Он вдруг заметил, что она подстерегает момент, когда он на нее не глядит, чтобы поглядеть самой. Глаза у нее были ласковые, когда он оборачивался к ней, и блестели.

Он заказал подошедшей официантке мясо, тушенное в горшочке, пирожки с изюмом и чай. Больше ничего здесь и не было. Но Ольга Николаевна, казалось, довольна всем, кроме черных платьев официанток с карандашиками, привязанными к черным поясам. Довольна самоварами на столиках, углублениями в стене, словно в русской печи, висящим ухватом, кринками, ароматом свежезаваренного чая. Сегодня в ней было что-то медлительно-беспечное. Еще у гардероба она с интересом засмотрелась на старика, принимавшего пальто: какой он широкоплечий, согбенный, но пружинистый и моложавый, с черной без седины бородой. Теперь она посматривала в ту сторону и говорила Медведеву, что у старика выбрито под губой, чтобы высветлить, омолодить лицо. Борода, говорила она, придает оцепенелость лицу. Бороду именно носят. Поглядите, приглашала она Медведева, оказывается, этот старик любуется женщинами! Он действительно смотрел то на одну, то на другую, не дрогнув ни единой черточкой, непроницаемо, но твердо. Только на губах что-то мелькало игривое. Он был доволен, когда его поспешность в приеме одежды и подбрасывание номерка в воздух заставляли женщин улыбнуться.

— Вас не смешат мои наблюдения? — спрашивала Ольга Николаевна.

Олег Николаевич сидел, забывая об окружающих, не интересуясь стариком. Когда он входил в кафе, ему было не по себе. Она это видела и теперь сказала:

— Я давно нигде не была. Не избалована. Мне здесь хорошо… Почему вы входили сюда так несмело?

— Неудобно, — ответил он. — Вы такая красивая, и я рядом… с палочкой.

— Для вас что-то значат глазеющие любопытные?

— Мне-то что… Сюда приходят здоровые люди. Им хочется видеть вокруг только привлекательное. И вдруг мои ноги, моя походка, это уродство. Мне кажется, люди не должны этого видеть. Всякое безобразие…

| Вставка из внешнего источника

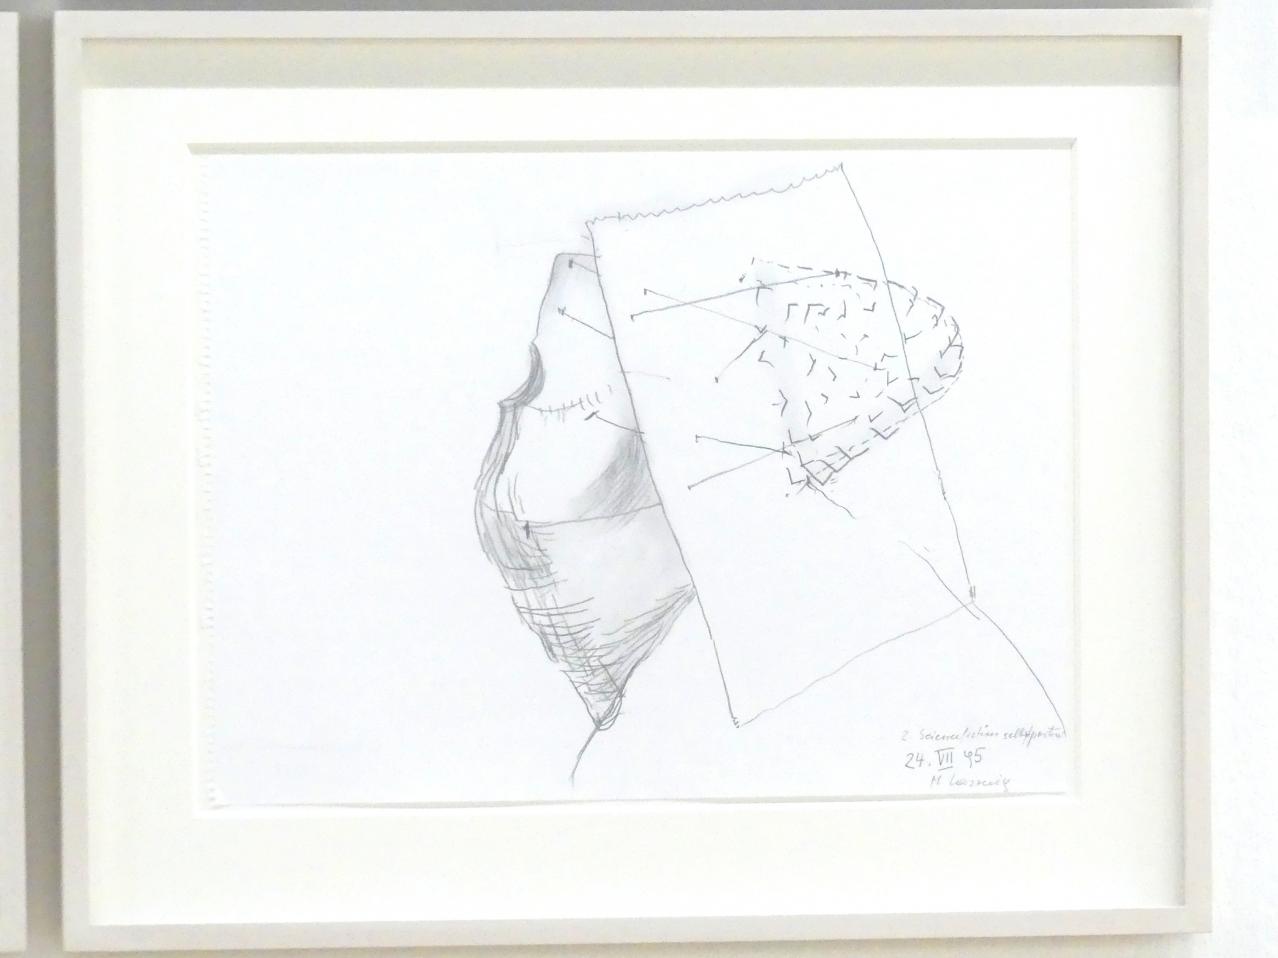 Maria Lassnig (1945–2011), 2. Sciencefictionselbstportrait, München, Lenbachhaus, Kunstbau, Ausstellung "BODY CHECK" vom 21.05.-15.09.2019, 1995

— Олег Николаевич, бросьте, пожалуйста, о безобразии. Вы…

— …а всякое безобразие, — упрямо продолжал Медведев, — преследуется даже в природе.

— Как это? Никогда не слыхала, — заинтересовалась Ольга Николаевна.

— Ну, не преследуется, точнее, а само скрывается, как будто чем-то напугано. От наших глаз. Чтобы человек не видел. Плохо я говорю. Плохой разговорный аппарат… Я поплавал, повидал кое-что. Знаете, на что обратил внимание? Уроды и страшилы прячутся: змея роет нору, летучая мышь носится во мраке. Какой-нибудь паук, мокрица имеют маленькие размеры. А представьте их с лошадь? Простите, за столом! Они мелки, выходит, спрятаны. Причем по правилу: не все, что прячется, безобразно, но безобразное обязательно прячется… Я о них больше не буду. Я возьму море. Вот, например, в речной воде, под боком у человека, не встретишь таких уродцев рыб, как в толще океана. А какие попадаются чудища! Не дай бог, приснятся! Если же где-нибудь возле Австралии, среди прибрежных камней держится какая-нибудь ядовитая бородавчатка — знаете, у нее такая исковерканная морда, словно ее теркой уродовали, глаза таращатся надо лбом, тело без чешуи, в бородавках — ну, «синанцея» ее еще называют, то у нее, ведьмы… простите… у нее такая окраска, что ее не видно… Не странно ли все это? А что нам напоминают эти разнообразные уродцы? — воодушевился он от ее одобрительного внимания. — Все эти страшные головы, членистые конечности? Пожалуй, что-то вымершее, доисторическое: змеиная голова, хотя бы, напоминает голову гигантского звероящера. По-моему, почти все звери были тогда уродливы на наш человеческий вкус… Вот вы прибираете квартиру к приходу гостей. Выходит, что природа тоже, как гостеприимная хозяйка, устроила приборку квартиры, тщательно приготовилась к приходу человека. Подмела, многое повыбрасывала, что-то задвинула в темный чулан, спрятала под тахтой — одна красота на виду. И цветы поставила. Неспроста в любом уголке земного шара природа прекрасна. Это для того, чтобы мы за жизнь крепче держались. И выходит, к динозаврам меня надо отправить посылочкой, к предкам!..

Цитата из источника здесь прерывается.